Which confused me because params is the hash that's created by default containing all of the form elements I'm posting. A quick look over my code and I saw that I had created a local variable named 'params' in a branch of logic that doesn't even get executed on a POST. So my code looks similar to this:


def my_action

if request.get?
params = Hash.new
# do stuff
else
if params[:commit] == 'Cancel' # <-- NoMethodError on a nil object here
#do stuff
end
end
end


Renaming my local variable to something else fixed the problem so this means that despite never being executed the local variable declared 'params' is overriding the default created by rails. I'm still a newbie to ruby and rails but this doesn't seem correct to me as the 'else' clause above never executes the initialization of the new Hash. Perhaps some ruby expert out there can tell me why this is the case, or have I found a bug in rails?

Comments:
major, dude. if that were really the case, it's not a bug in rails, there's a bug in rubeee. maybe your rubeee version is 1.9 or something.
 
Well I'm using whatever ruby is in the locomotive rails distribution for rails 1.0 which I believe is 1.8.2. It does seem hard to believe that this could be broken like this.
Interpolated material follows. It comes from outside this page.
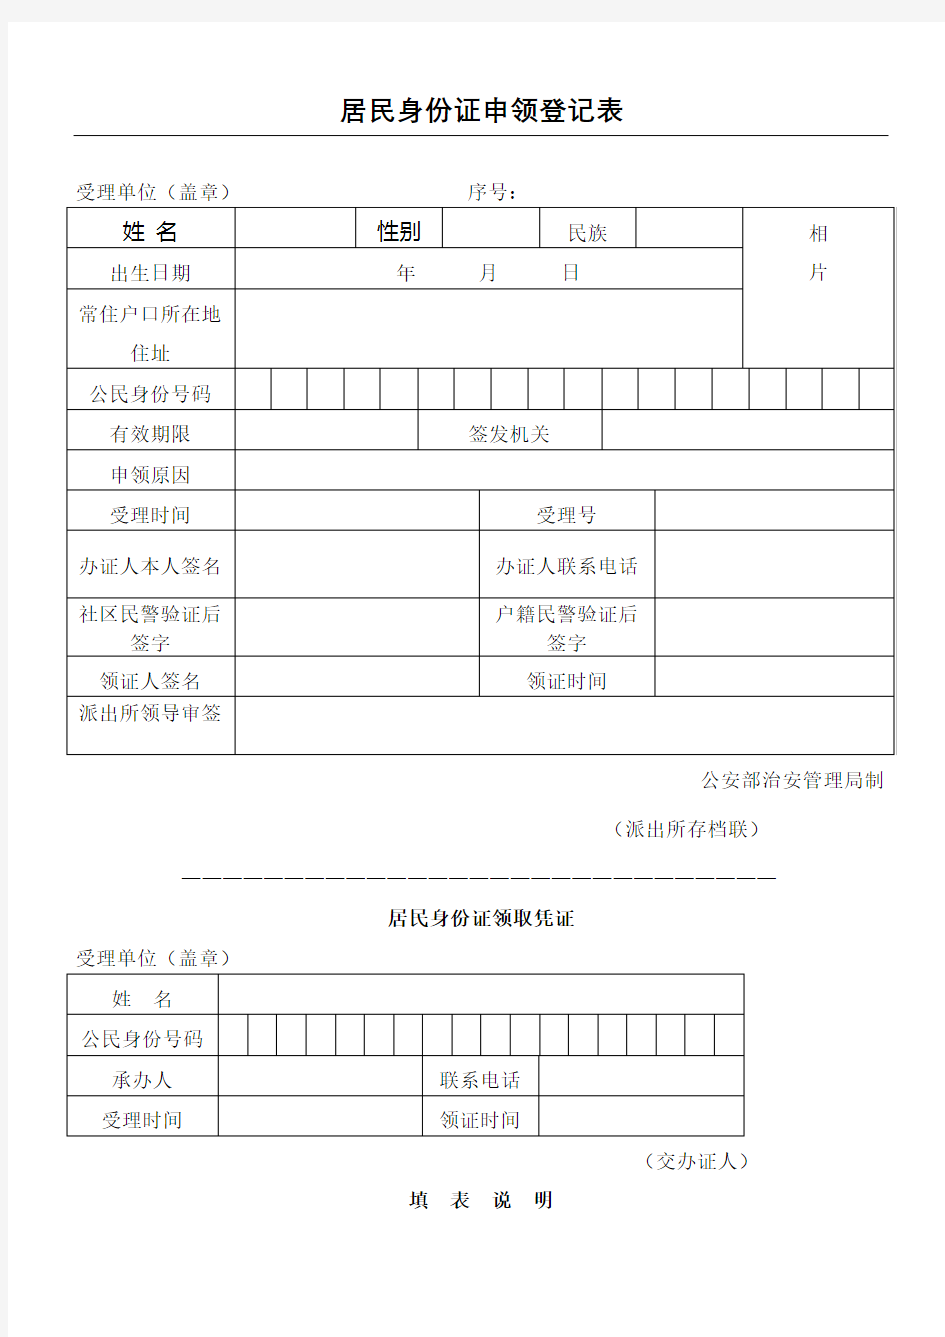 居民身份证申领登记表

I'm going to come up with a test case to verify as the code I put in here is paraphrased but the logic flow is exactly the same. I'll post more if I find out how it's broken especially if I end up being incorrect :-)
 
params != @params

" if @params[:commit] == 'Cancel' "

makes your code work.
 
but I didn't defined params to be a class level instance variable just a local one within the scope of my action. I'll have to give your snippet a try and see if it works but I guess I don't understand how local and instance variables work if that snippet does work.
 
This is how it works: As Ruby parses a method definition it needs to determine what is a method call and what is local variables (as method calls to "self" and reads of local variables look exactly the same). The way it does this is that if it encounters an assignment to the symbol in the method scope it will assume that symbol is a local variable and not a method call. You can fix this by either using a different local variable name for "params", or use "self.params", or simply by assigning "params = self.params" in the beginning of the method.

Cheers,
Jon
 
Thanks Jon! That's very good to know and it makes sense now. I guess this is one of the side effects of having local variables look the same as method calls. Not sure how I feel about this but it's not exactly intuitive :-). I wonder if it's possible to create an error message for situations like this that is clearer about the problem. I suspect not though because it seems the reader of the code needs to understand the parsing rule you described above regardless.